You should prepare for two to three times more communication needed to close a short sale compared to a traditional transaction.

5. A short sale is not a short process

Despite the word “short” being part of the name, a short sale isn’t actually a short process at all. In fact, a short sale will typically take at least three to six months because of the extra paperwork, communication, and negotiations that go into it compared to a standard real estate transaction.

This is why so many agents give up midway through the process. “Short” simply refers to the fact that the lender is accepting less than is actually owed in an effort to avoid an even more costly and time-consuming foreclosure process.

6. Relationships are essential

I’ve talked about how short sales require significantly more paperwork than a standard transaction.

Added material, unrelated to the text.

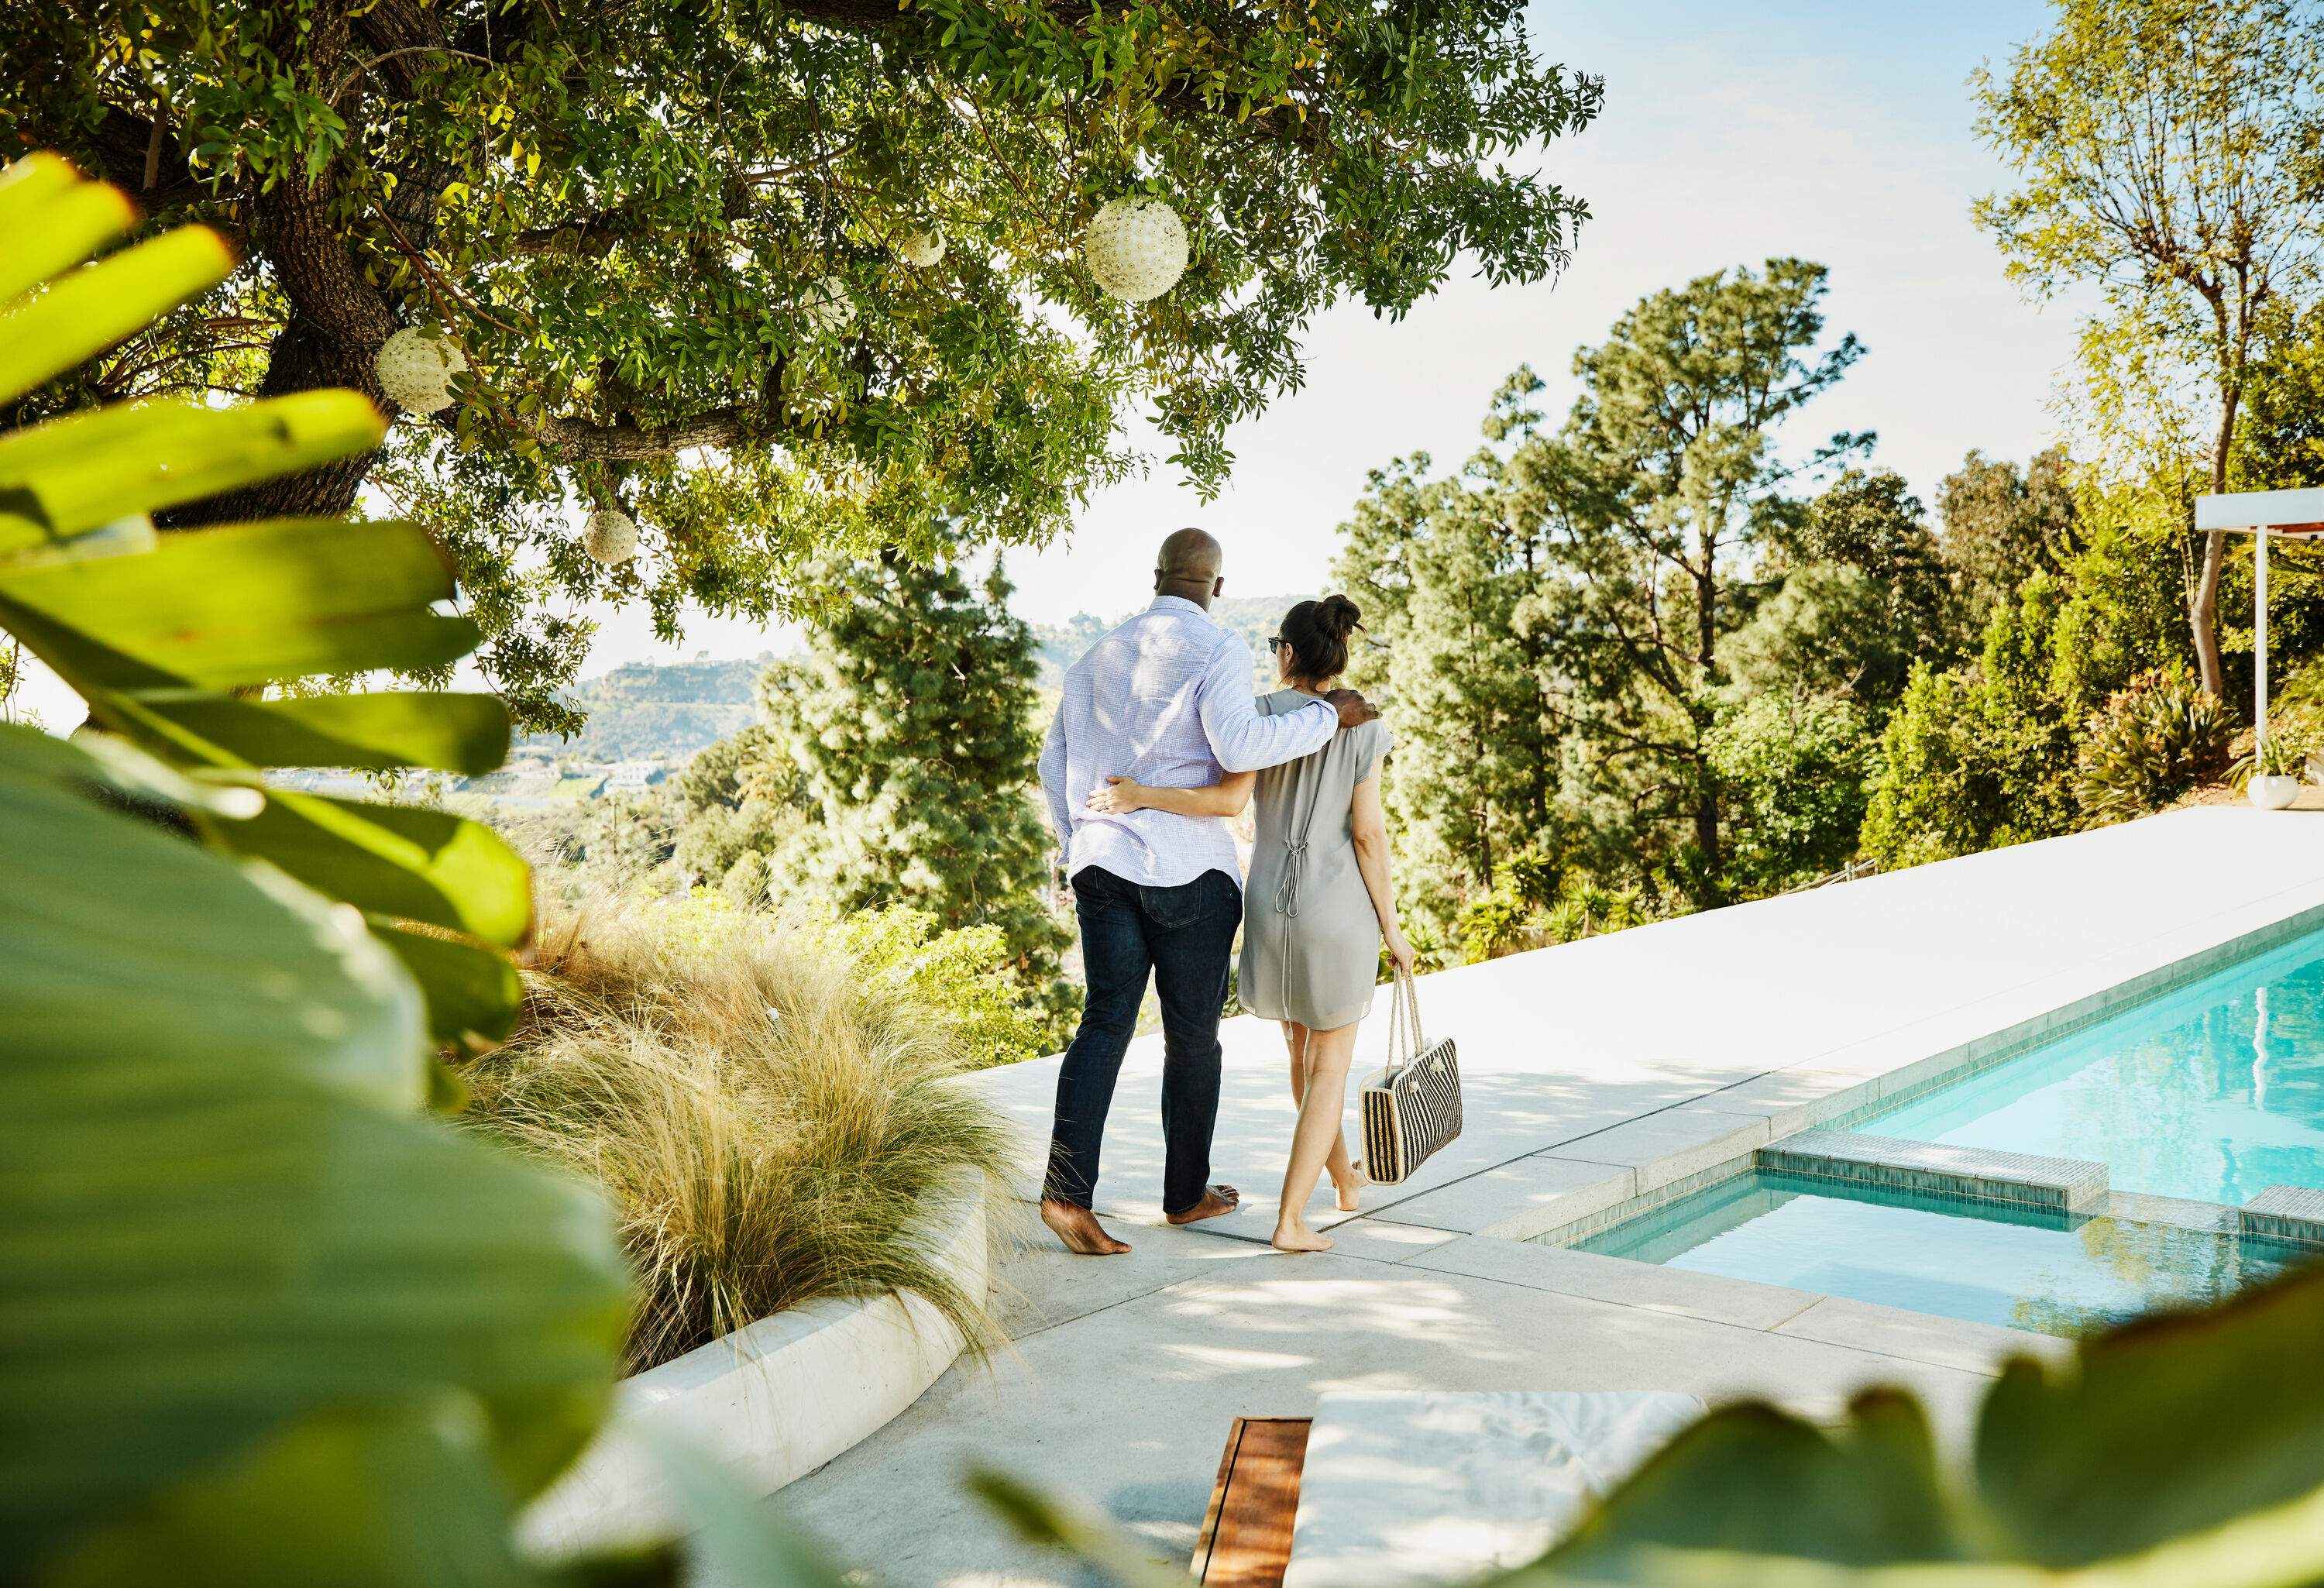 A couple embraces while walking beside a pool amongst lush foliage.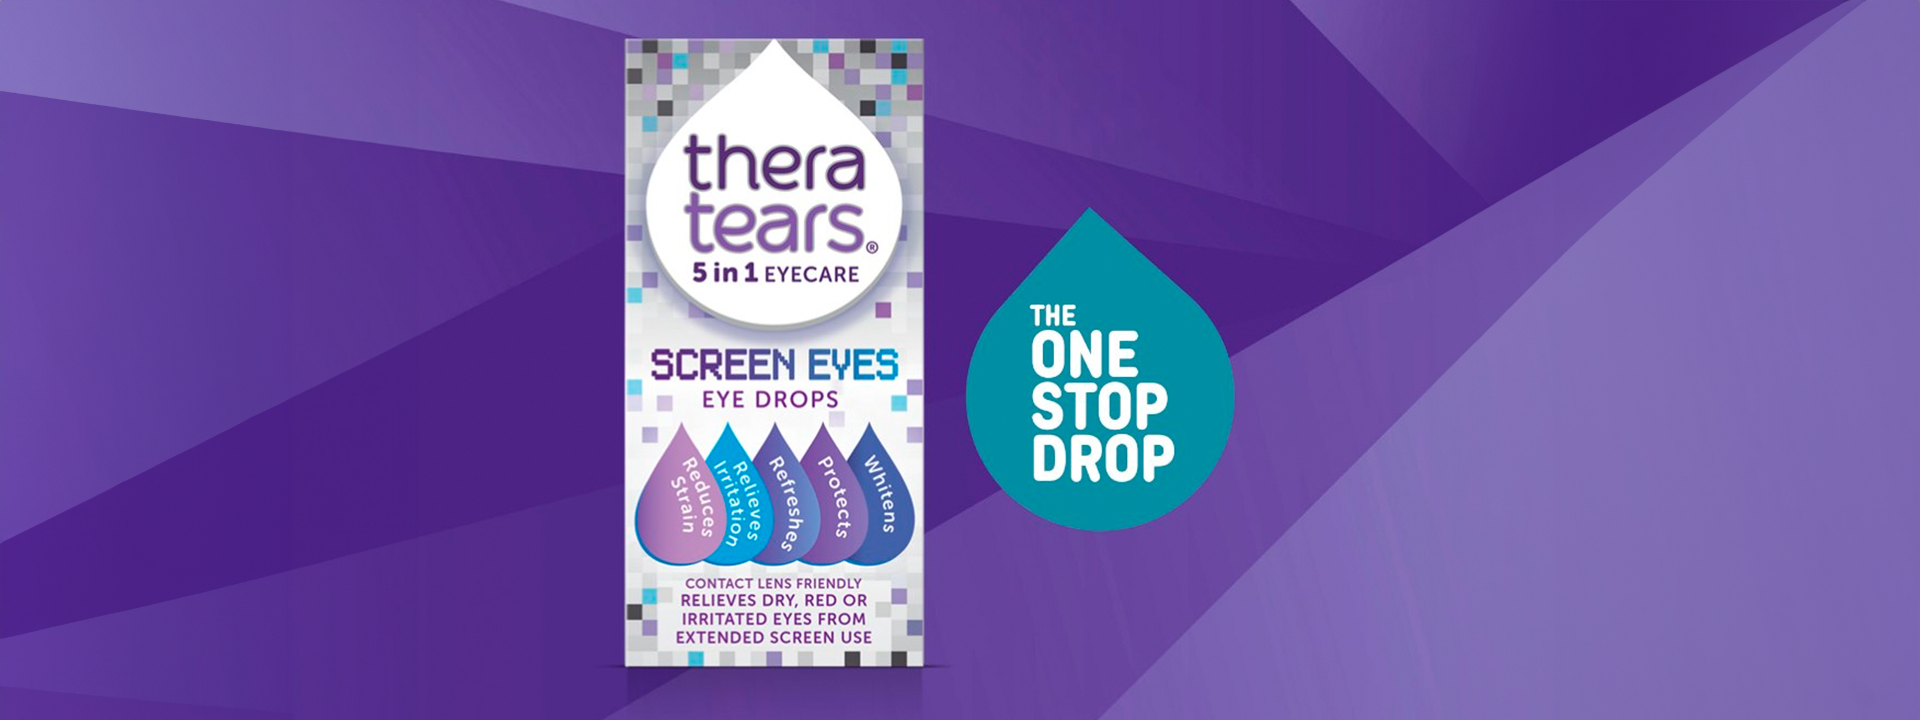 thera-tears-hero-copy

Aside from the obvious challenges this creates, it also creates another, more subtle challenge.

When a problem arises during a short sale, such as an error in the paperwork or missing info or any number of other things that could go wrong in this type of transaction, you want to be more than just a number to the lender.

Having the right relationships already in place helps ensure that they’ll contact you right away when they identify a problem and will be more willing to work through that problem rather than just killing the deal.

Relationships also help you to get the right answers in a timely manner.

Another benefit that comes from the right relationships is that when you have a track record of successfully closing short sales with a particular lender, their team knows you can deliver, and you’ll get more flexibility and support from them.

Relationships with the right people are essential to a smooth short sale process.

7. Everything is negotiable

Because a short sale tends to be more stressful than a traditional transaction, homeowners and agent alike are often reluctant to negotiate some aspects of the deal.

I understand the mindset. This is a high-stakes situation, and they’re scared to blow up the deal. But taking everything at face value can be a disservice to both the homeowner and the lender.

It can result in more costs for the homeowner, and if the deal can’t be closed because someone was afraid to negotiate, both the homeowner and the lender lose because that forces a foreclosure.

Everything in a short sale is negotiable. This includes what the lender is willing to accept at a payoff amount, to HOA fees, IRS liens and literally every other part of the transaction. You just need to be able to make your case justifying your position.

The rule I live by is never accept no. So many transactions that I have successfully closed wouldn’t have happened if I didn’t have that perspective.